In the central nervous system, a variety of neurotransmitters and receptors often participate in the regulation of neuronal excitability and synaptic transmission efficiency through complex interactions. Dopamine is the most abundant catecholamine neurotransmitter in the brain. Cannabinoid acts on its receptor CB1 to affect dopamine neurons and the subsequent effects of dopamine receptor activation.

It can regulate the degradation of dopamine, synthesize tyrosine, and synthesize dopamine under the catalysis of tyrosine hydroxylase and dopa decarboxylase. Dopamine is degraded to dihydroxyphenylacetic acid by monoamine oxidase. Accelerated hydrolysis of dopamine; In PD mice with CB1 gene knockout, the contents of dopamine and dihydroxyphenylacetic acid in caudate nucleus decreased, and CB1 deletion promoted the hydrolysis of dopamine. Found in experiments with PD β- Caryophyllene can alleviate the loss of dopamine neuron fibers in substantia nigra and striatum. Cannabinoid CB1 and CB2 activation maintain the stability of dopamine content in substantia nigra, striatum and caudate nucleus, and play a certain protective role on dopamine neurons.
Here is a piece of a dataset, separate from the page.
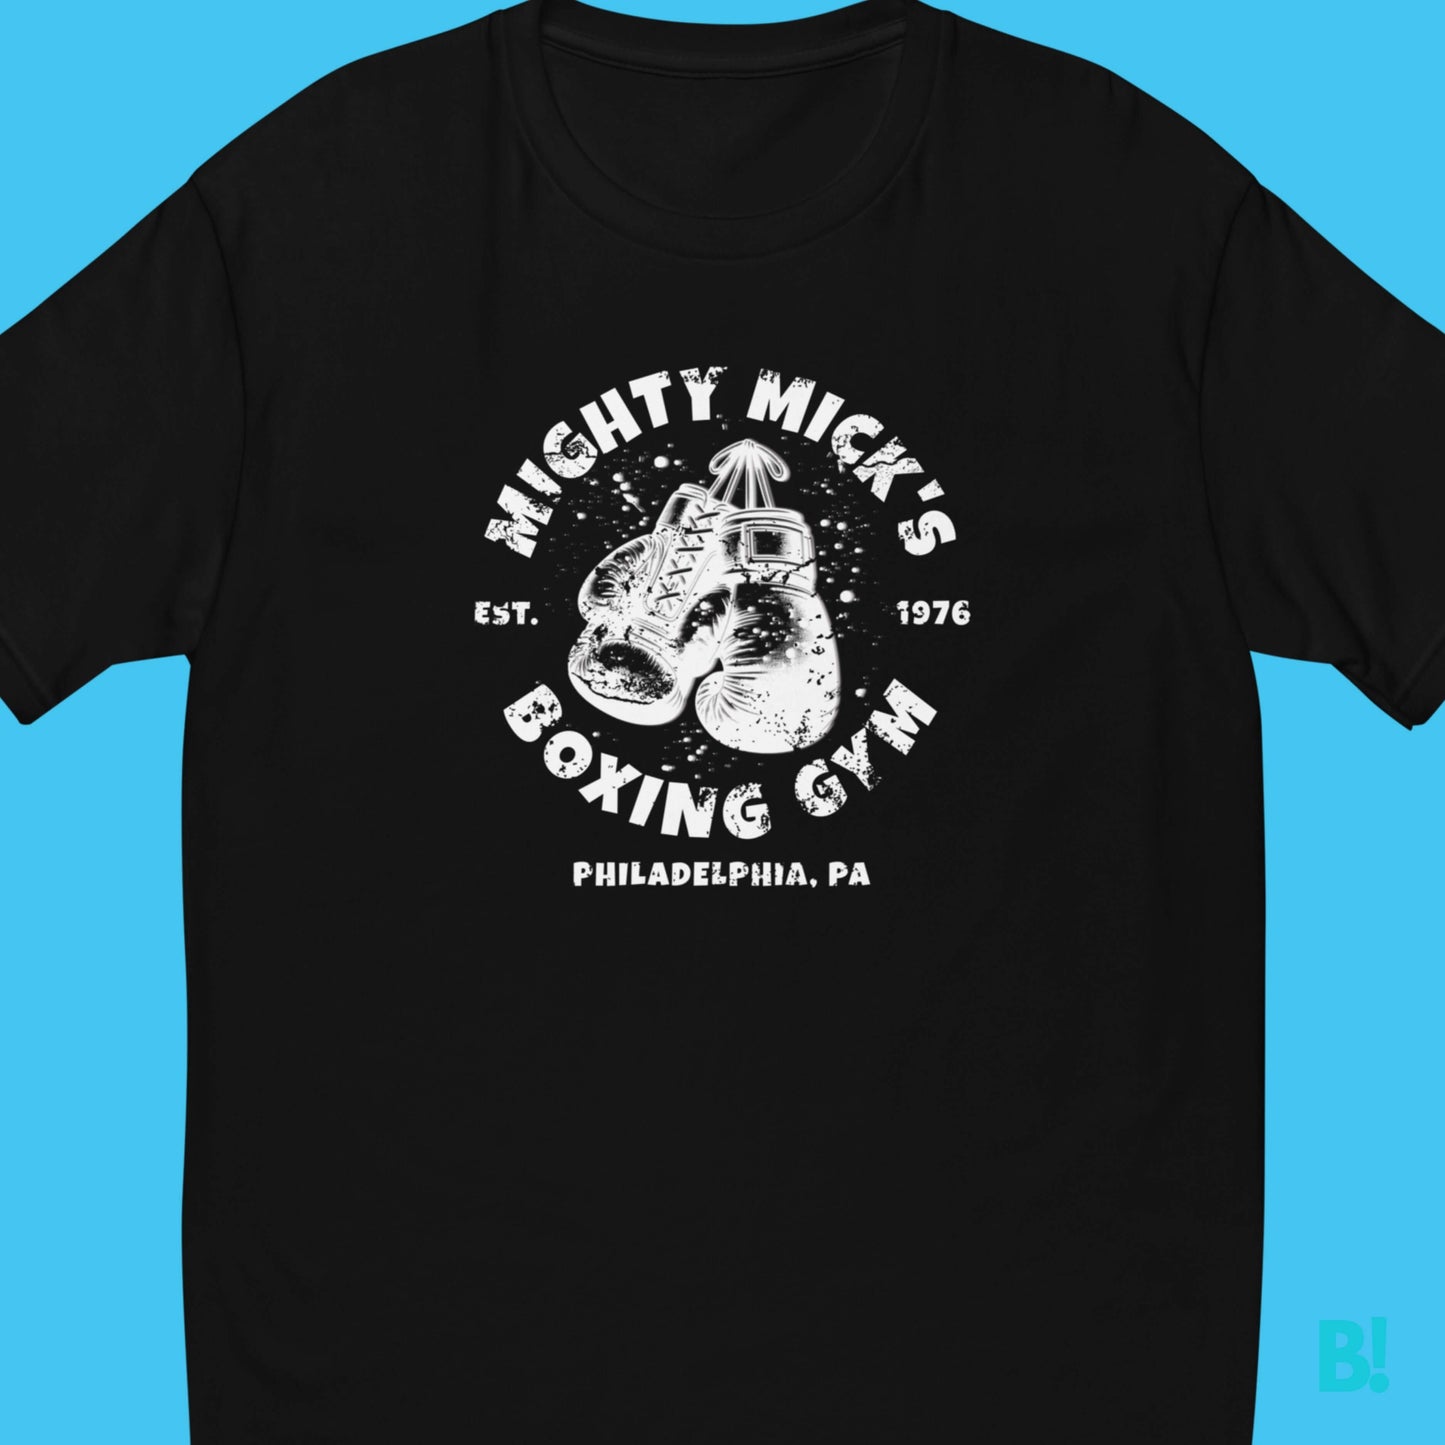 Conquer in Style with Mighty Mick's Boxing Tee Get ready to dazzle in the ring with our Mighty Mick's T-Shirt! Perfect fit, 100% cotton comfort & unique B!NKY design. Shop now for your knockout look! €34.50 B!NKY Comfywear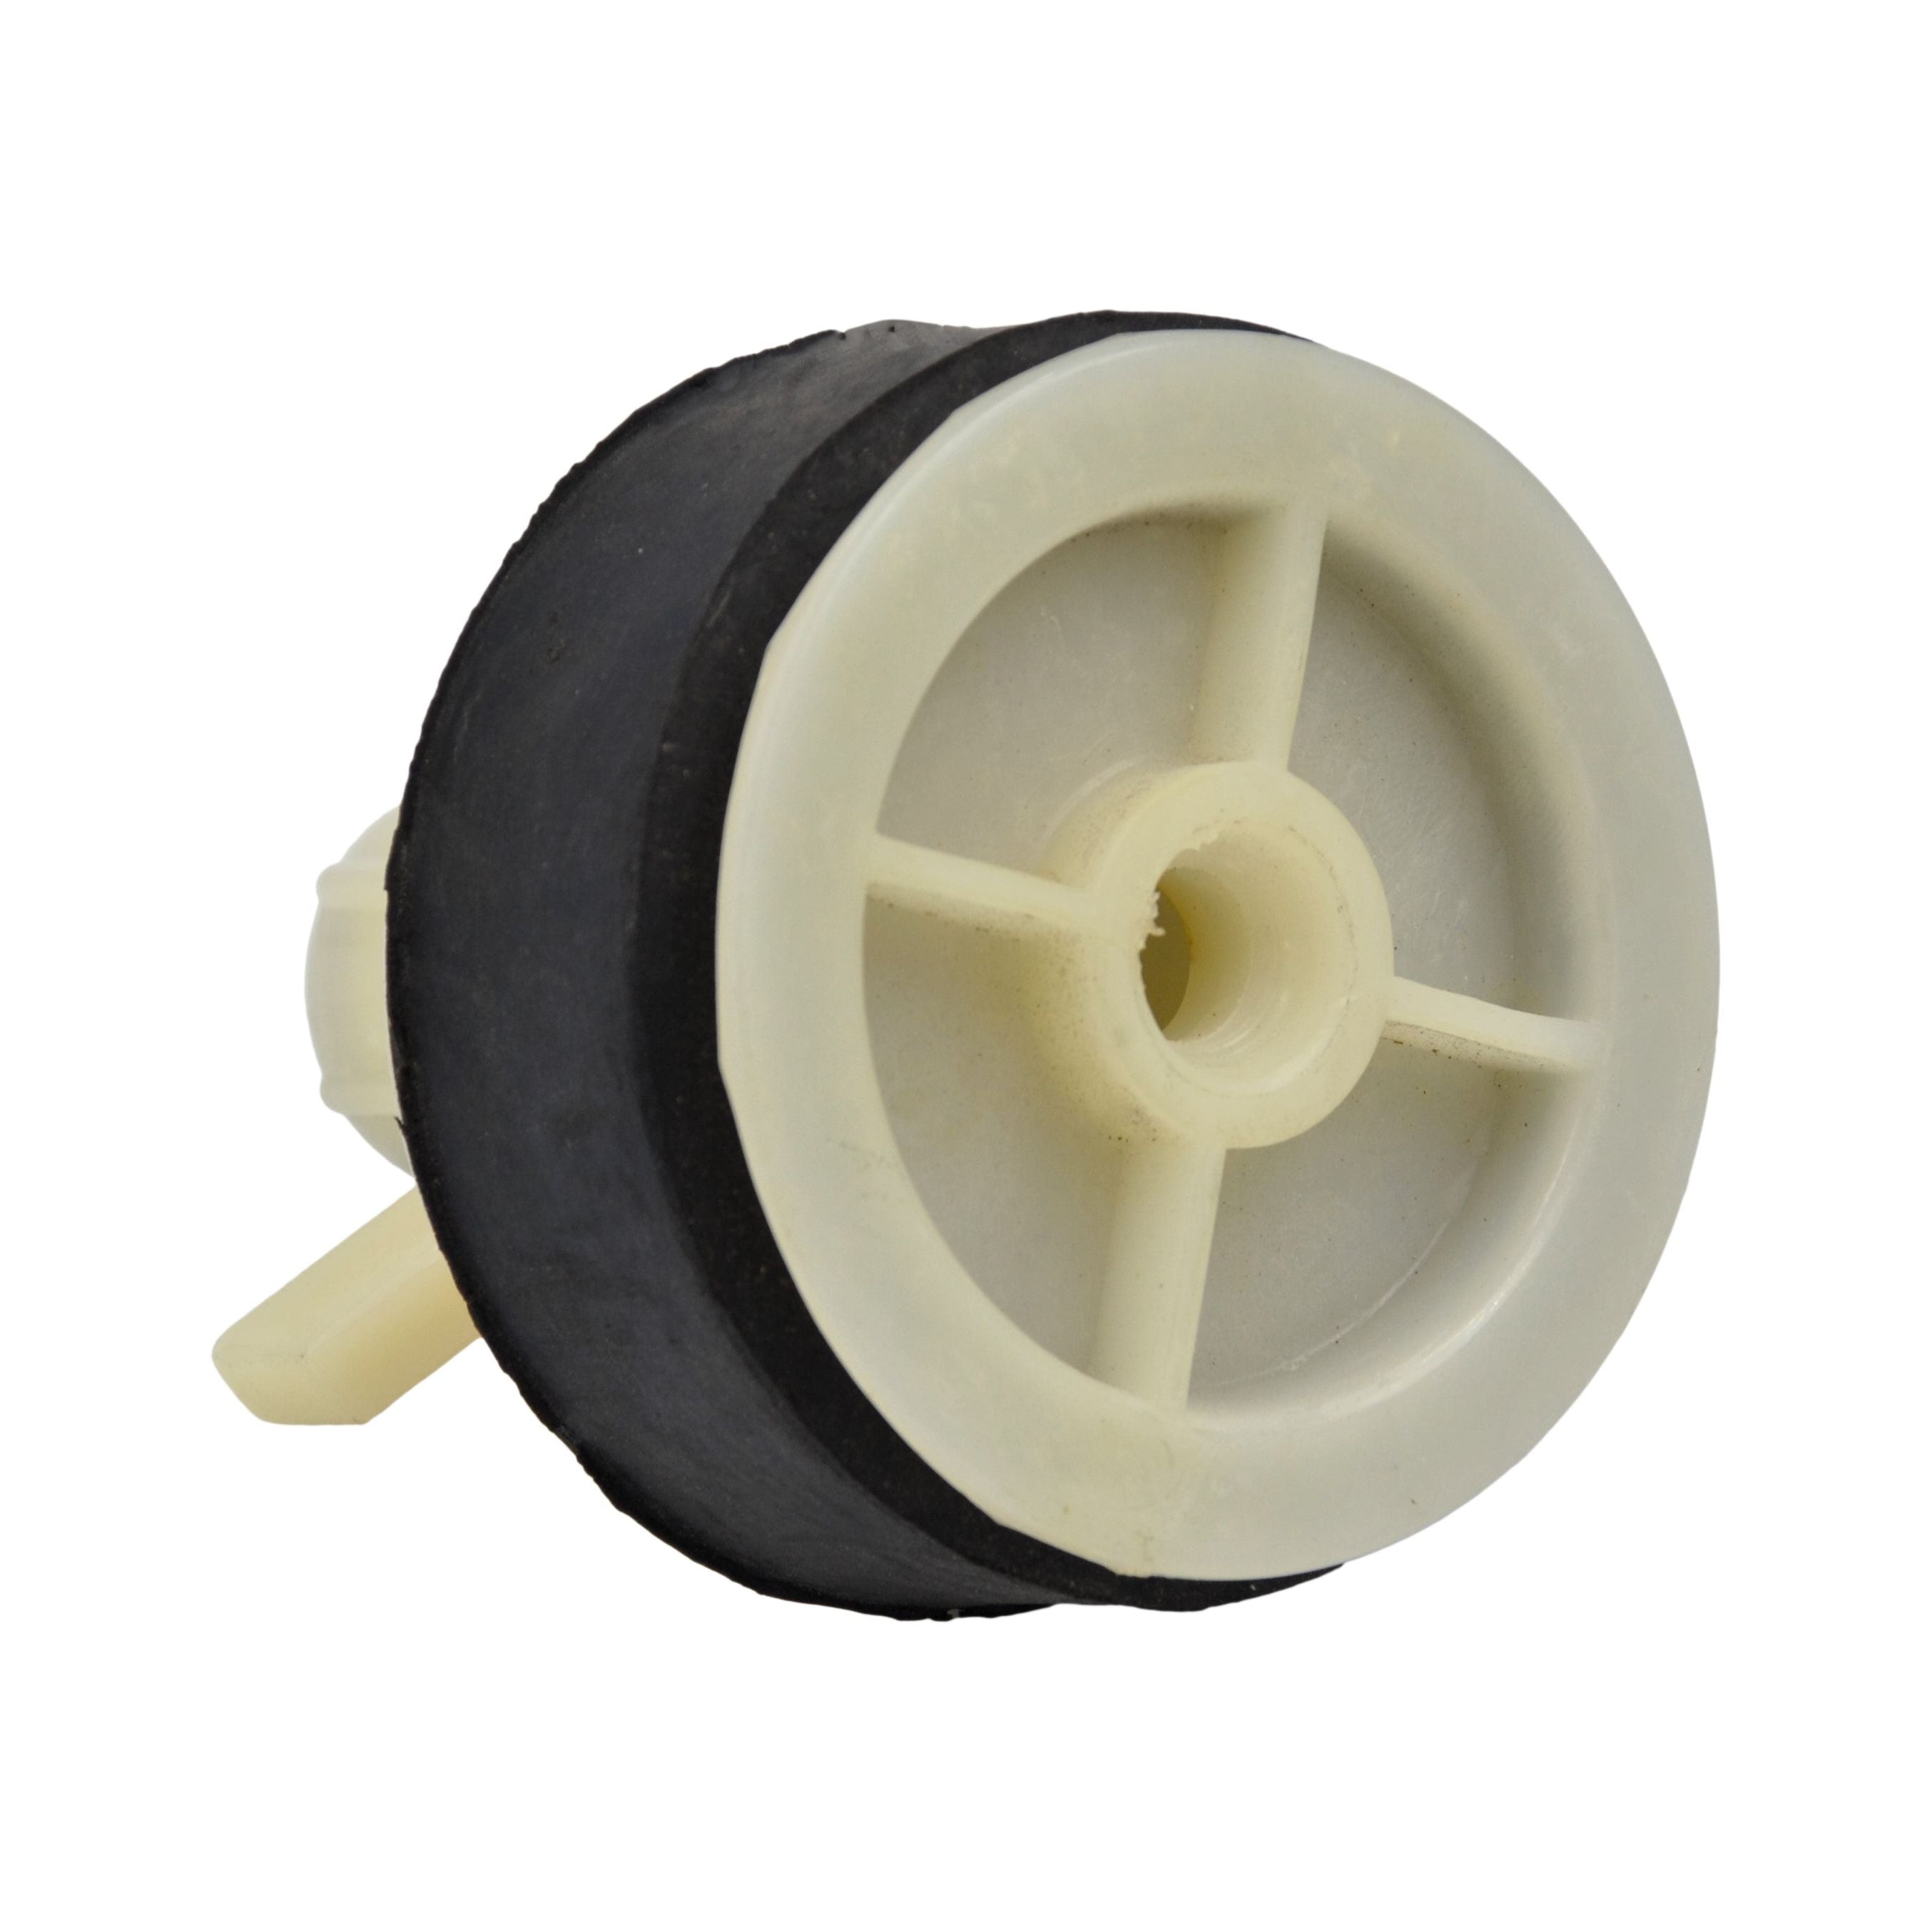 Nylon Mechanical Pipe Test plug bung with 13mm bypass 73mm to 88mm

Endogenous cannabinoid system and Pd

Parkinson's disease (PD) is characterized by myotonia, tremor and bradykinesia, high-level cognitive dysfunction and fine language problems. It usually occurs due to the lack of dopamine formation caused by the apoptosis of dopaminergic neurons in the substantia nigra. Endogenous cannabinoid system plays an important role in the dopaminergic system, and they regulate each other. For example, CB1 receptors and d1/d2 like receptors in striatal neurons show complex interaction signals. The level of endogenous cannabinoid AEA in cerebrospinal fluid of patients with Parkinson's disease increased.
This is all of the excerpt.